The Disciple is a play which chronicles the cataclysmic clash between Adolph Hitler, the supreme commander of the juggernaut military machine of Nazi Germany, and his arch enemy, Eugenio Pacelli, Pope Pius XII, the iconic symbol of western civilization.
1923 Munich Is a cauldron of bloody ideological battles between Bolshevik Spartacists and Hitler's Nationalist Socialist Party, the Nazis. In Munich Hitler made his initial lurches for power. At the University of Munich, Hans Scholl and Alexander Schmorell organize the White Rose, and with Sophie Scholl. They are arrested in 1943 for treason. Pacelli is elected Pope in 1939. Hitler invades Poland in 1939 and ignites World War II,. He industrializes the murder of innocent people particularly Jewish people.

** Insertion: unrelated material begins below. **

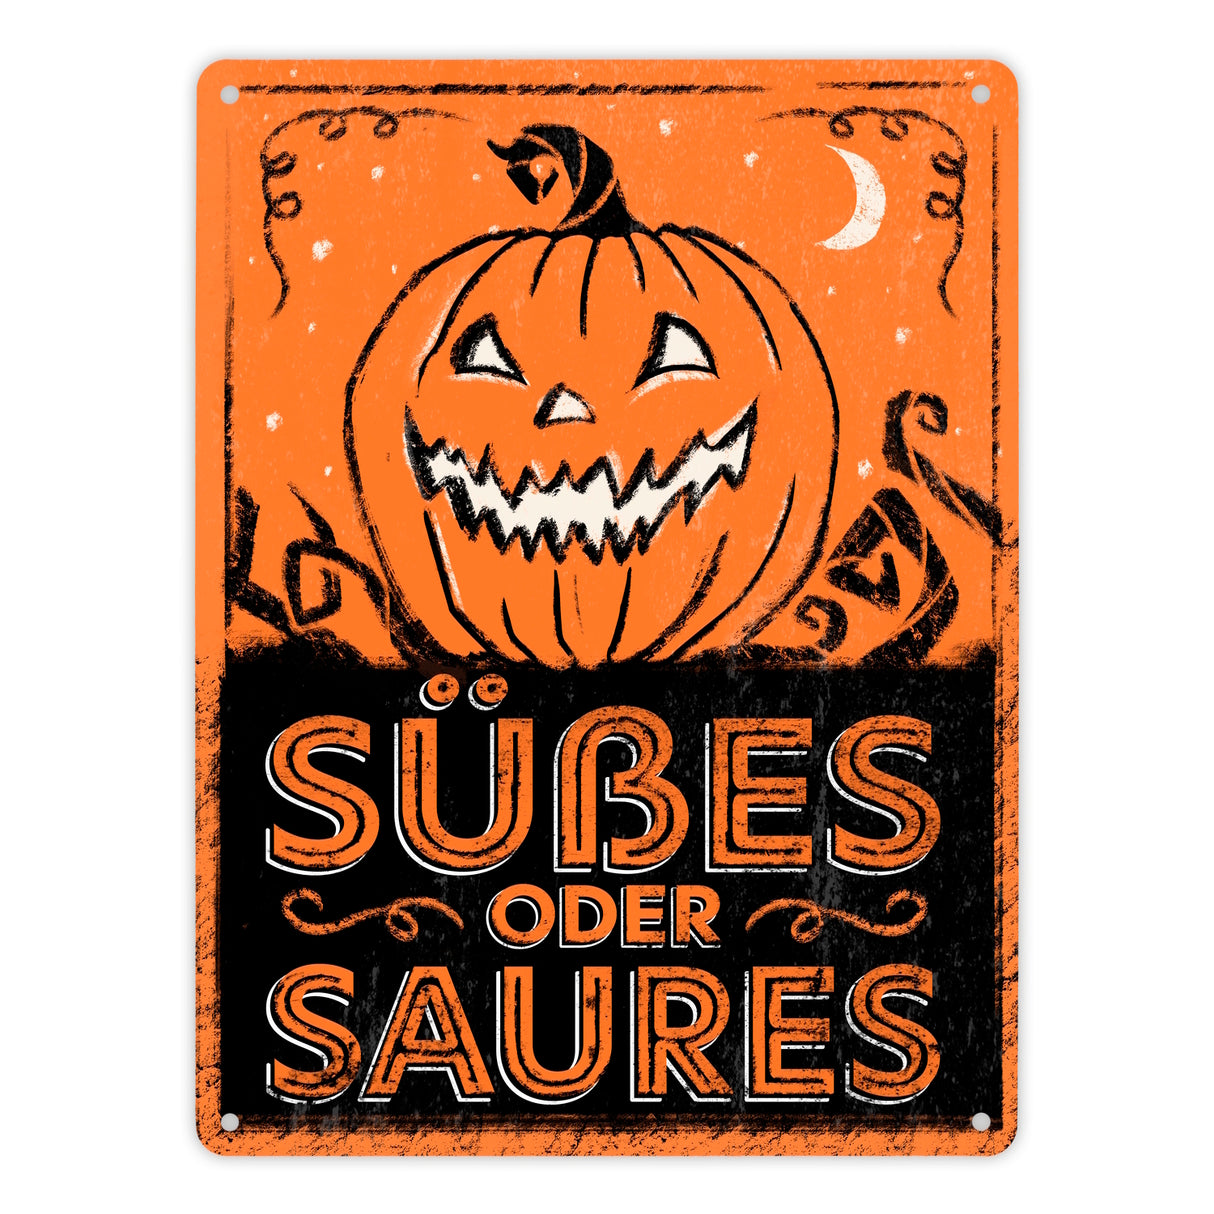 Metallschild mit Halloween Kürbis Motiv im used Look - Süßes oder Saures

At the end of the war all recognize the pope’s contributions for peace and his protection of the persecuted. After the world war,Pope Pius XII condemns communist ideology and sides with the United States in the cold war. In 1960 Khrushchev retaliates by practicing the occult art of disinformation to create the illusion Pope Pius XII was in an “Unholy Alliance “ with Hitler and was “Hitler’s Pope.”’ The Deputy , produced in Berlin in 1963 incarnates the myths. . KGB Lt. General Ion Mihail Pacepa, who defected to the west, and Professor Ronald J. Rychlak, describe the methodology of the creation of the public persona of Pope Pius XII replacing the true person in their book, Disinformation. The Disciple is unique in several ways. This is a brief play and yet somewhat complex. It is about codes, cloaks and cassocks. It is about intrigue, a double agent, conspirators, reversals and the camouflage of inaction, and of heroism to be retold, remembered and perhaps reenacted for the ages to come. It is about refined asymmetrical warfare which would be studied and used again.. Every scene is grounded in actual incidents. Some poetic license is used but the intent of the work is to present the truth. About four pages of end notes, three pages of bibliography and a commentary in the Appendix authentic the diction in the play. Every scene is a totality in itself which hopefully engenders thought and questions and pose philosophical quandaries.. Some scenes in themselves raise serious ethical questions – the forging of documents and the planning of assassinations. Each scene is like a separate stone placed in a mosaic. When the play ends, the mosaic ought to present a picture of the soul/s of the characters, particularly Pope Pius XII and Sophie Scholl.